Ontario doctors cannot withdraw life-sustaining treatment from patients without their consent or that of their substitute decision-makers, the province’s Superior Court of Justice has ruled.
Physicians at the Sunnybrook Health Sciences Centre in Toronto, Ontario, had sought to withdraw mechanical ventilation from a 59-year-old man in a persistent, vegetative state without the consent of his substitute decision-maker.
The patient, Hassan Rasouli, a retired mechanical engineer, had undergone surgery at the hospital in October, 2010 to remove a benign tumour in his head. Following surgery, he had developed bacterial meningitis and ventriculitis, and had slipped into a coma, from which various experts said he would never emerge. He is being kept alive by a mechanical ventilator and feeding tube.
Dr. Brian Cuthbertson and Dr. Gordon Rubenfeld had sought to withdraw the life-sustaining equipment, place Rasouli on palliative therapy and transfer him to another facility. But Rasouli’s spouse, Parichehr Salasel, a physician in Iran until the family emigrated to Canada in April 2010, objected, primarily on the grounds that withdrawal of life-sustaining treatment violated a tenet of the Shia Muslim faith that health care treatment should be provided until there are no signs of life.
Justice Susan Himel rejected the arguments of the physicians that withdrawal of life-sustaining treatment constituted a medical decision within their purview and that they were under no obligation to continue providing treatment because it would be of no benefit and would fall “outside the standard of care” (http://thaddeuspope.com/images/Rasouli_v._Sunnybrook_Ont._2011_.pdf).

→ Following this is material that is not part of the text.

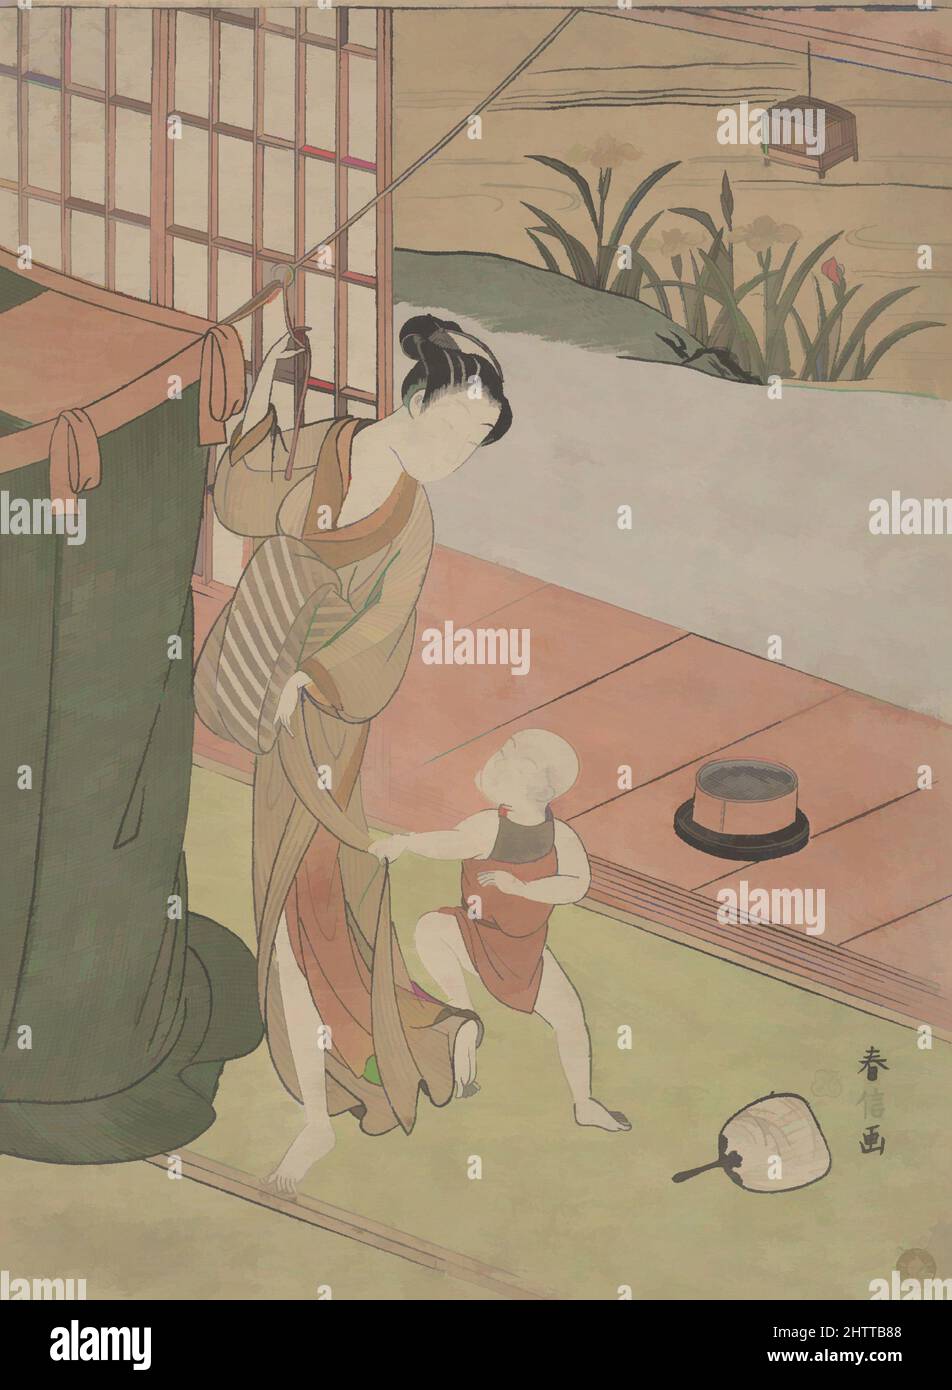 Art inspiré par mère et fils, période Edo (1615–1868), env. 1769, Japon, imprimé polychrome sur bois ; encre et couleur sur papier, 10 3/4 x 7 15/16 po. (27,3 x 20,2 cm), Prints, Suzuki Harunobu (japonais, 1725–1770), la relation de mère et de fils dans la vie quotidienne est un Harunobu récurrent, œuvres classiques modernisées par Artotop avec un peu de modernité. Formes, couleur et valeur, impact visuel accrocheur sur l'art émotions par la liberté d'œuvres d'art d'une manière contemporaine. Un message intemporel qui cherche une nouvelle direction créative. Artistes qui se tournent vers le support numérique et créent le NFT Artotop Banque D'Images

Withdrawal of life-sustaining equipment is part of the “plan of treatment,” as defined by the province’s Health Care Consent Act and therefore requires the consent of the patient or substitute decision-maker, Himel ruled.
Himel also rejected the physicians’ argument that referral of such cases to the province’s Consent and Capacity Board is “completely optional.”
“If the respondents’ interpretation of the HCCA [Health Care Consent Act] is accepted, no consistent rules regarding the withdrawal of life support in Ontario would exist. Whether or not substitute decision makers would be given an opportunity to consent would depend on the doctor in question, with recourse only being had to the CCB [Consent and Capacity Board]at the doctor’s discretion.”
Himel noted that doctors have recourse in cases in which they believe continuation of life-sustaining treatment provides no benefit to the patient and is not medically indicated. They can make their own case to the Consent and Capacity Board to have the substitute decision-makers stance set aside. That provision also serves as a recourse for those who would argue that continuation of life-sustaining treatment constitutes an unnecessary drain on the finite financial resources of intensive care units, the judge added.
Pediatric intensivist Dr. Karen Choong calls the ruling “a very sensible one. There is good justification that consent is required for WLS [withdrawal of life support] as it is for other treatment.”
Adult intensivist Dr. Claudio Martin concurs. “Unless we want to be barbaric and not provide palliative symptom management, withdrawal is really a replacement of one treatment plan with a new one and therefore requires consent.”
The decision is being appealed by Cuthbertson and Rubenfeld, both of whom declined to be interviewed, as did the College of Physicians and Surgeons of Ontario.